Она кладет палец в рот. Человек может откусить палец также легко, как огурец, но мозг сигналит, что это глупость. А ей, Саре - нет.
Она только лишь прокусывает подушечку, и чувствует, как шелковая лента свертывается и бежит через двери, через запахи - куда-то на кухню. Меж блюд и столов. Она вдруг поворачивает, вздрагивает, и впивается, ввинчивается в живот сидящей неподалеку девушки, и Гувер кажется, что она видит, как натягивается чужая кожа, она может проследить ход этой незримой ленты, этой части зверя. Тонкий вскрик.
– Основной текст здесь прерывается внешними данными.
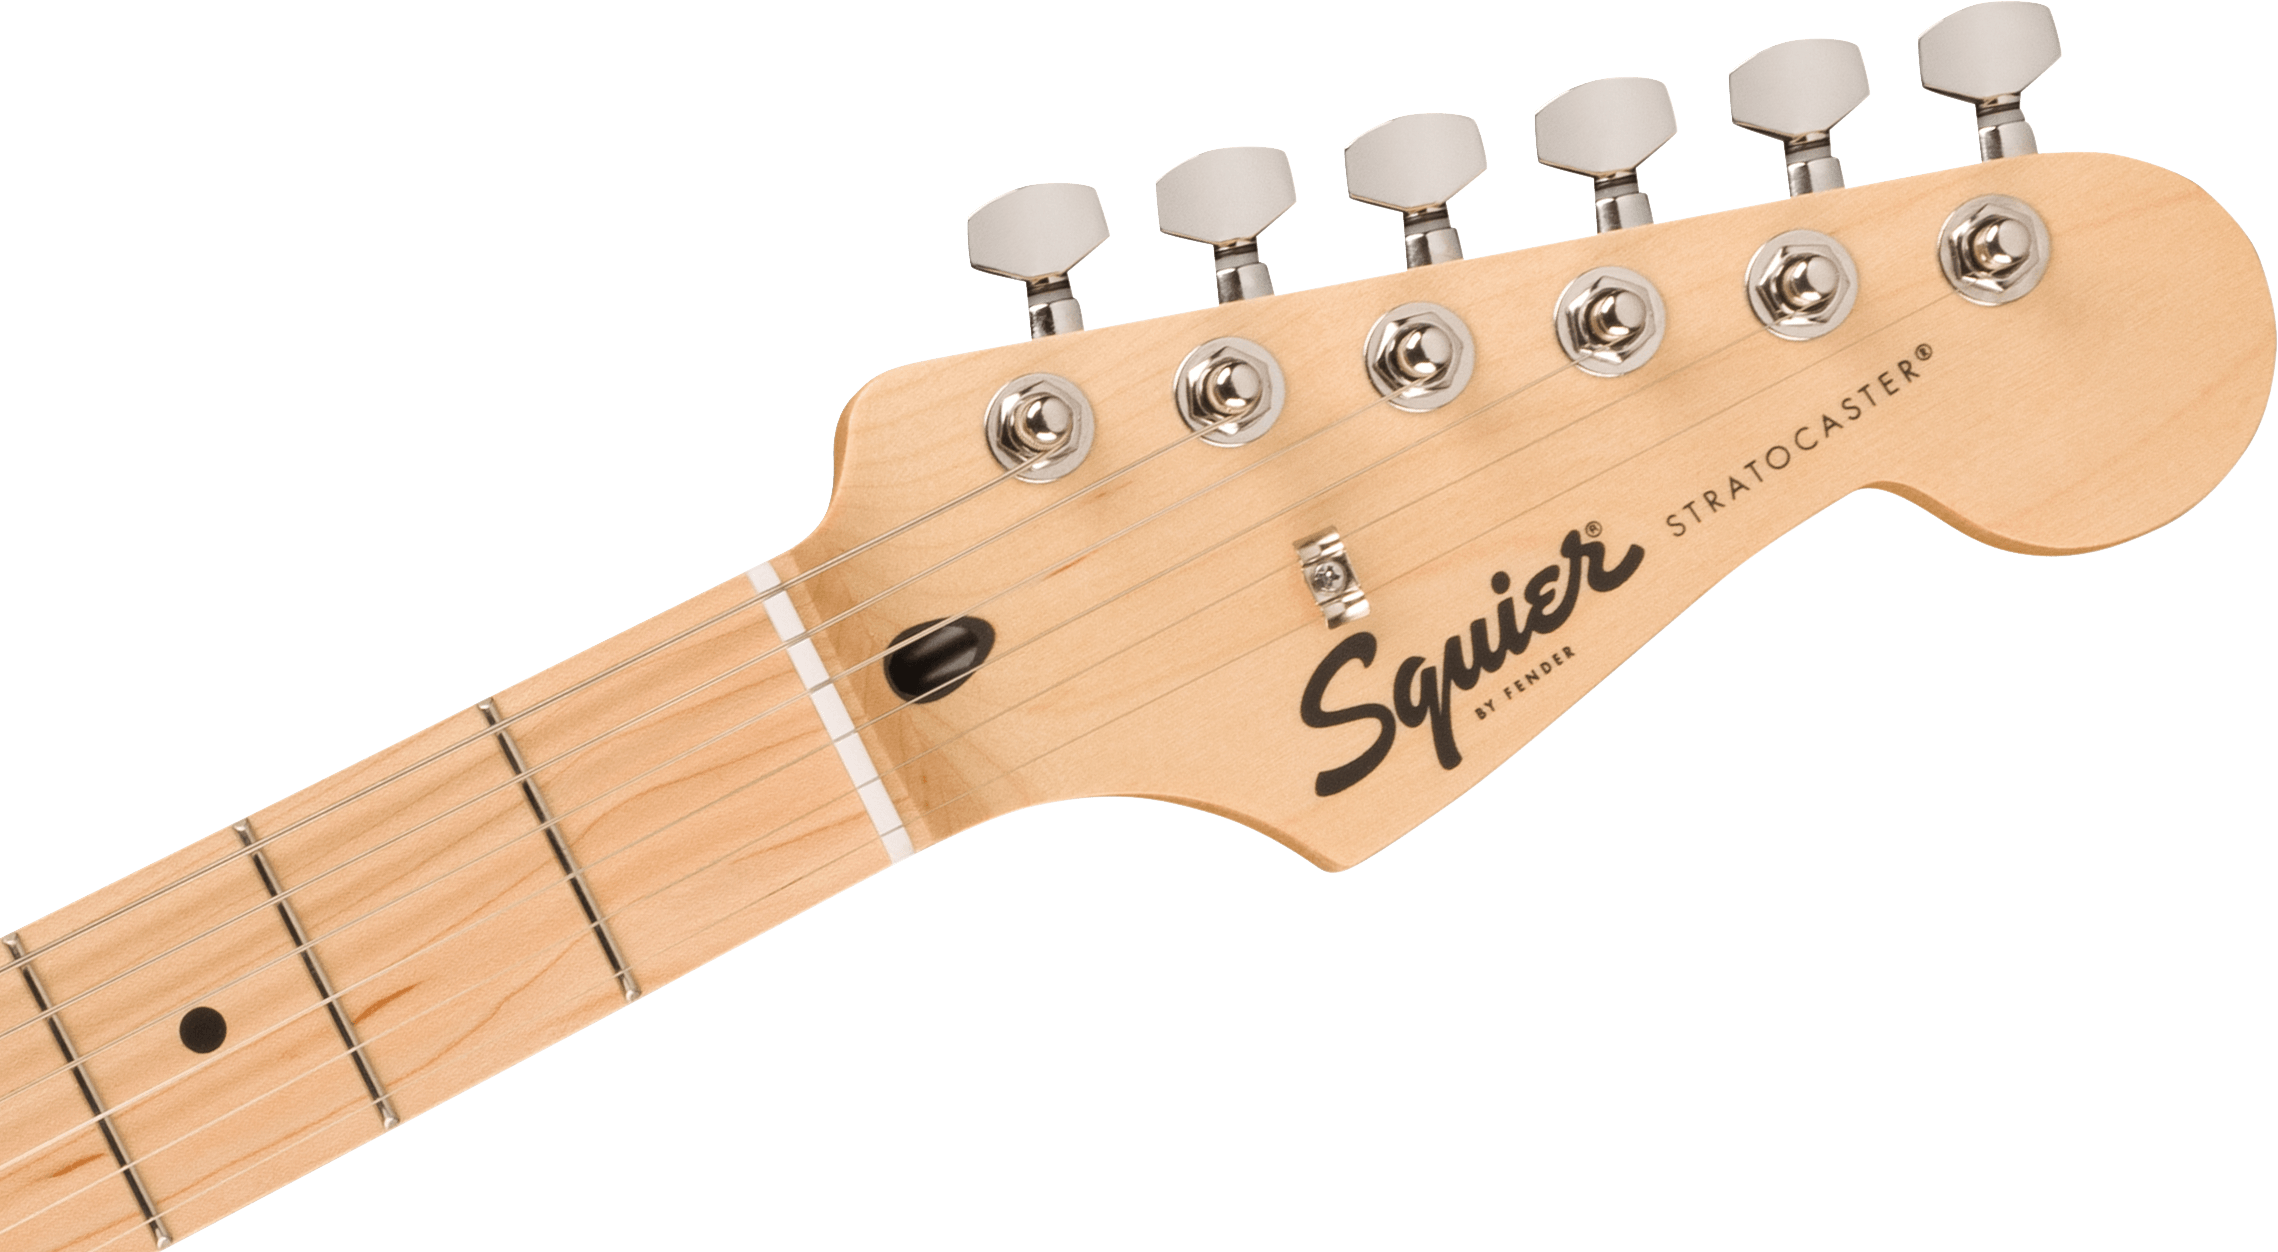 Squier FSR Squier Sonic® Stratocaster® HSS, Maple Fingerboard, Black Pickguard, 2-Color Sunburst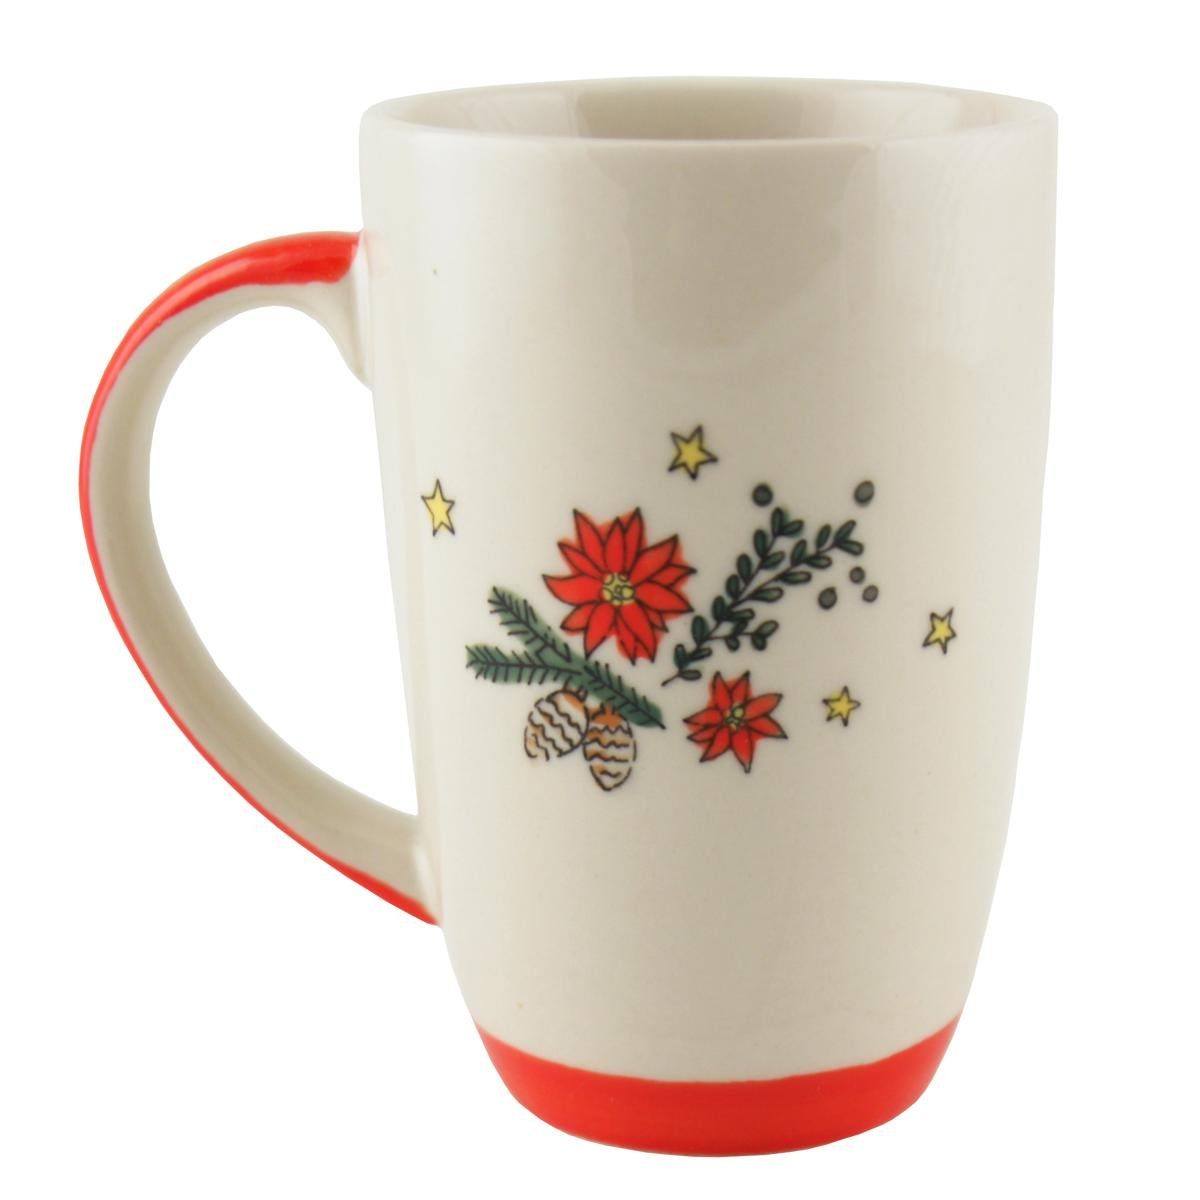 Keramik Keramik-Design-Becher Mila Mila Becher Weihnachtskranz,

Девушка сует в рот палец. Указательный правой руки.
Сара прокусила его. На ее собственной подушечке не осталось следов.
Она необычна в этом. Но в целом - простая до невероятного женщина, похожая внутренне на тех, что полнятся стереотипами, что дышат с детства вбитыми правилами громкого "так надо". Саре стыдно, но она чувствует, что мало чем от них отличима. От этого у нее краснеет шея и огонь пожирает лицо.
Она хочет... Надежности. Хотя бы ее призрак. Хочет не просто держать за руку кого-то ускользающего, кого-то, кто может одним утром уйти или потеряться в себе. Оболочка будет, а мысли - сумбур, разлет. Не тот уже человек. Может быть это всего лишь слово, значение, обещание, что могут не сдержать, но Сара хочет смотреть на Лиама, и вспоминать - это мой муж. Мы связаны чем-то глупым, но это больше, чем сцепленные руки и меньше, чем какой-нибудь взгляд. Она хочет думать, что останется какая-то тонкая, хрупкая веточка, которая будет у того, кто обещал. Может быть, он пропадет. Но она сможет думать - "у меня есть муж, даже если сейчас его нет рядом и больше не будет, и это, наверное, значит что-то важное, и мне достаточно верить в то, что это важно".
Ей не хватало... Приземленности.
- Ты словно целуешь мои следы. Ждешь до следующего города, а потом еще до одного... От следа к следу. Мне хочется, чтобы ты целовал мои губы, а не следы.
Она погладила его по костяшкам руки и встала.
- Удачи, Лиам.
И потом она ушла.
Кукла гладкая, как обработанная жемчужина. Гладкая, как отшлифованный воск, и такая же твердая, холодная и стылая. В отличии от свеч Куклу разжечь нельзя.
Ее алый язык - наждак. А тонкие пальцы - дерево. У нее есть неуверенность, свившаяся с черными кудрями, иногда она думает, что, может быть, ее просто кто-то сотворил, что она - совершенная големная работа, почти ощущаящая себя живой. Почти. Кукле далеко до живости, она выглядит гладкой, но чувствует, как стерта и стесана. Ей не жмут узкие туфли, царапины на плечах не налиты красным, темный зрачок ясный, но стылый, не расширяется, не сужается, крошечное темнолунье в околесице бранных слов. Нет вкуса, нет запаха, она знает, что у нее вишневые тонкие сигареты - со слов других, но дым шагает вперед, дым вылетатет назад, а она курит для образа и ярости. Кто-то говорит, что у мужчин теплые руки, большие и жаркие ладони, а Кукла не говорит ничего. Все руки для нее одинаковы.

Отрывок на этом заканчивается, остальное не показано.